Fee components (maximum aggregate 1.00% per year):
| Component | Maximum | Purpose |
|---|---|---|
| Distribution | 0.75% per year | Marketing, advertising, compensation to selling brokers |
| Service | 0.25% per year | Shareholder servicing (responding to inquiries, account maintenance) |
No-load label requirement:
- A fund with 12b-1 fees greater than 0.25% may not be called a "no-load" fund under FINRA's standard
- Even if there is no front-end or back-end charge, a 0.75% 12b-1 fee disqualifies the "no-load" label
Plan adoption requirements:
- Requires a written distribution-and-service-fee plan adopted by the board of directors
- Annual renewal required
- Independent directors must approve the plan
Exam Tip: Gotchas
- The 0.25% service cap is the "no-load" threshold. A fund with 0.25% 12b-1 can call itself no-load; a fund with 0.26% or more cannot.
- A "level-load" fund is not a no-load fund. A fund with no front-end load but a 0.75% 12b-1 fee is a level-load (typically Class C) fund, not a no-load fund.
- 12b-1 plans must be approved by independent directors annually. This is why funds with 12b-1 plans need majority (not just 40%) independent directors, covered in the governance section.
Why must all customers pay the same public offering price for a mutual fund?
The Investment Company Act requires that fund shares be sold only at the current POP described in the prospectus.
- Prohibits broker-dealers from discounting mutual fund sales charges to favored customers
- Everyone pays the same POP, subject to disclosed breakpoints, ROA, LOI, and other uniformly applied reductions permitted by the breakpoint-and-LOI exemption
Exam Tip: Gotchas
- Uniform pricing is why a rep cannot "give a discount" to a friend or family member. The only permitted reductions are those disclosed in the prospectus through the breakpoint-and-LOI exemption.
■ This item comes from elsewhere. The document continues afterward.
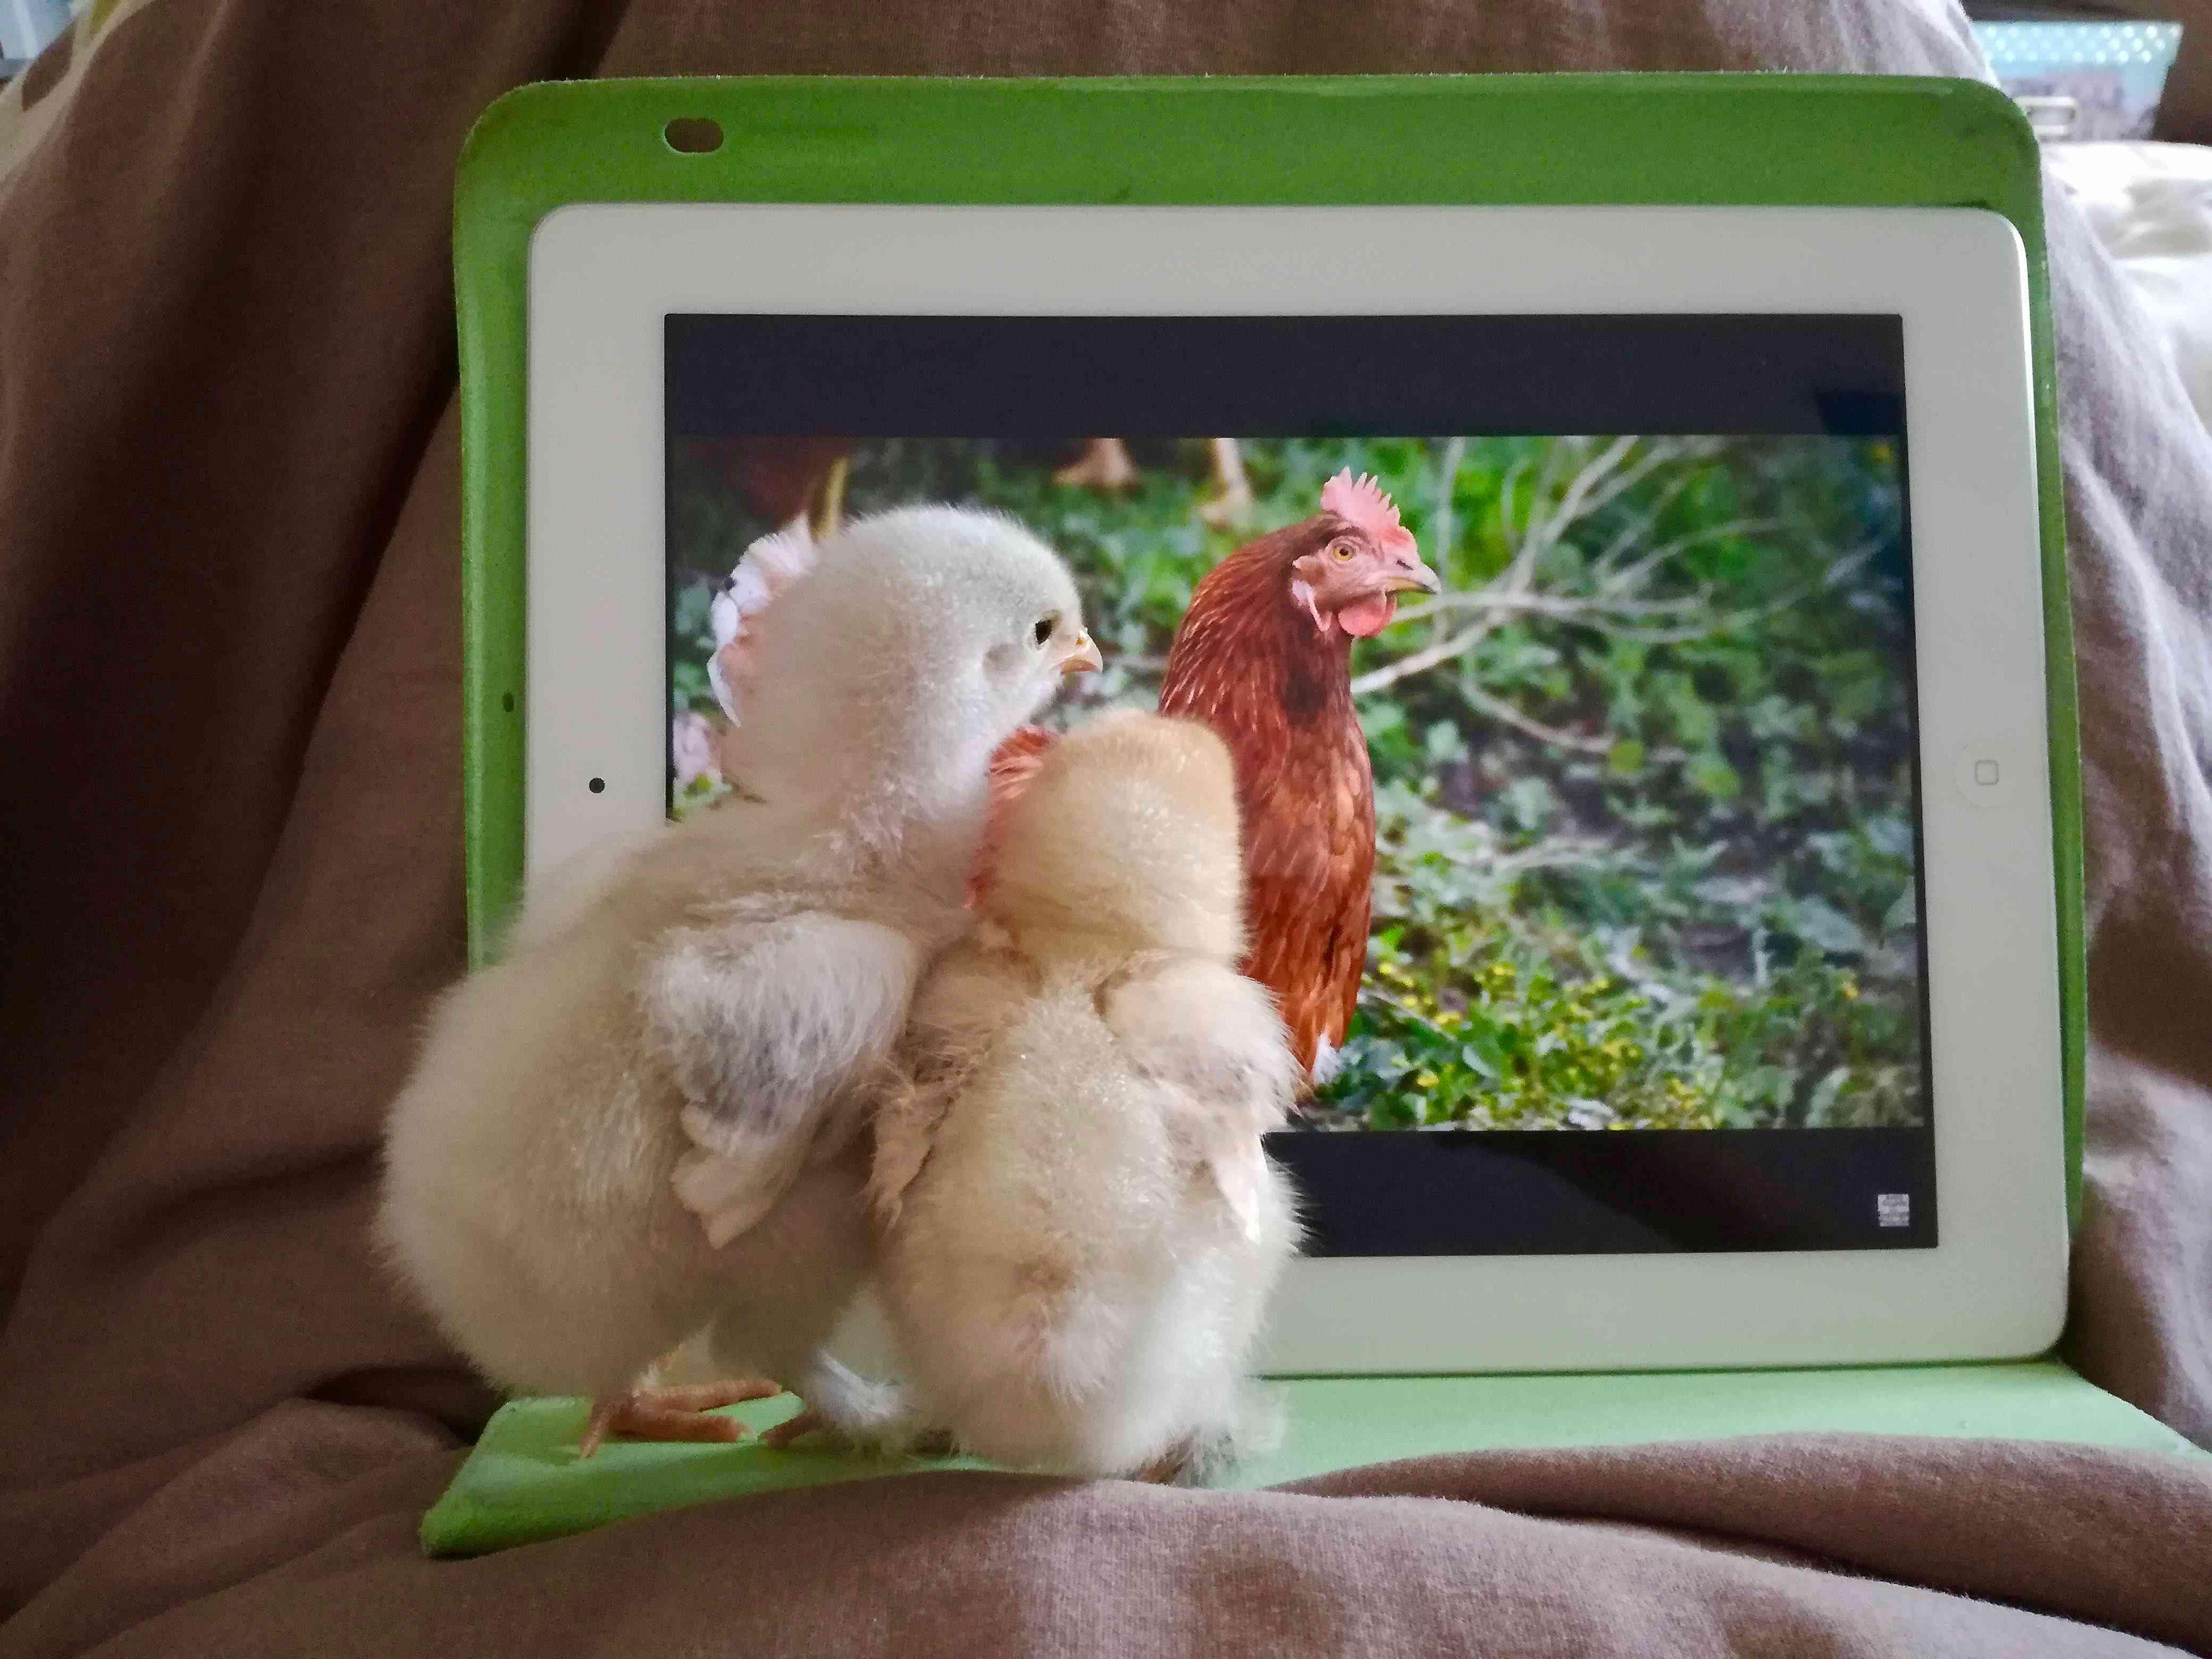 Inquisitive Chicks

What permits dividend reinvestment at NAV without a new sales charge?
A separate Investment Company Act exemption permits a fund to reinvest dividends and distributions from one fund into another fund without running afoul of the uniform-price constraint.
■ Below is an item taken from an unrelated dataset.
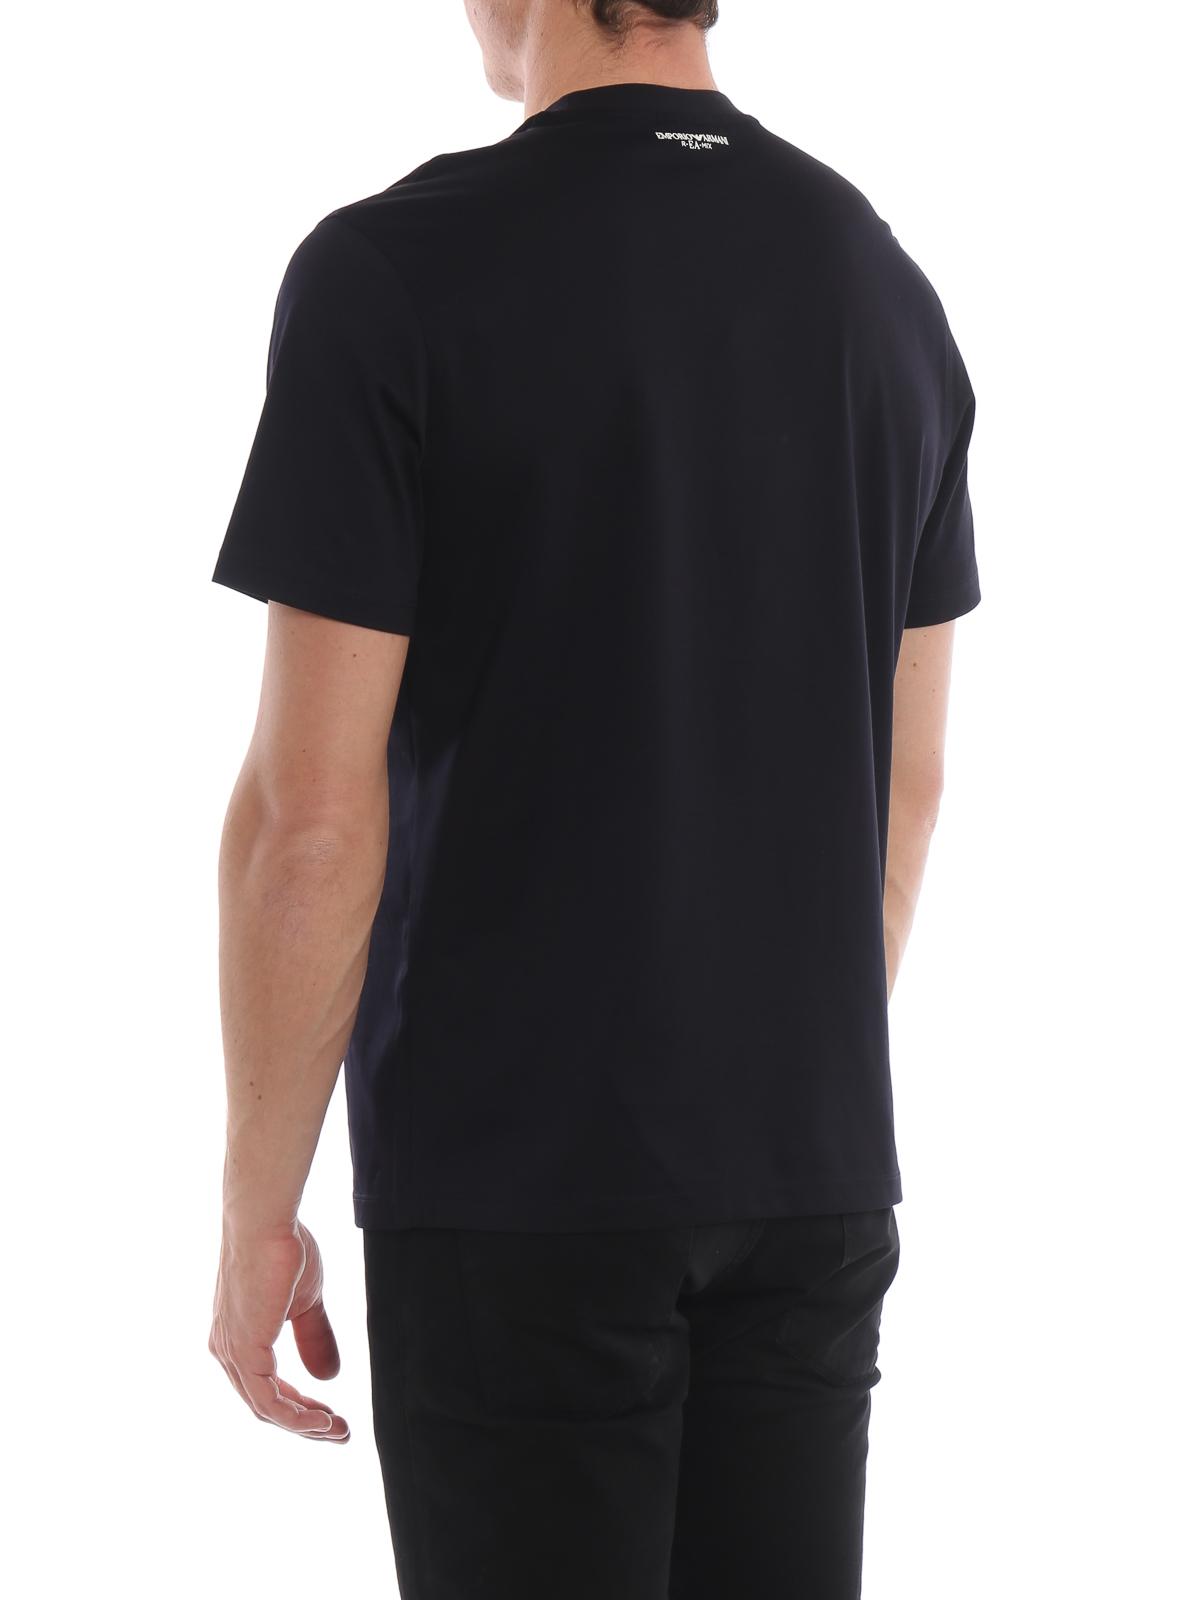 ccecca4a51 Emporio Armani - Rubberized maxi logo blue cotton T-shirt - t-shirts ...

- Reinvestment of dividends and capital gains within a fund family typically occurs at NAV, without an additional sales charge
- Permits the customer to compound returns without paying the sales load twice
Exam Tip: Gotchas
- Dividend and capital gain reinvestment at NAV is standard across most mutual funds and is not treated as a new purchase for sales-charge purposes. The reinvestment is still a taxable event (see the tax-treatment section).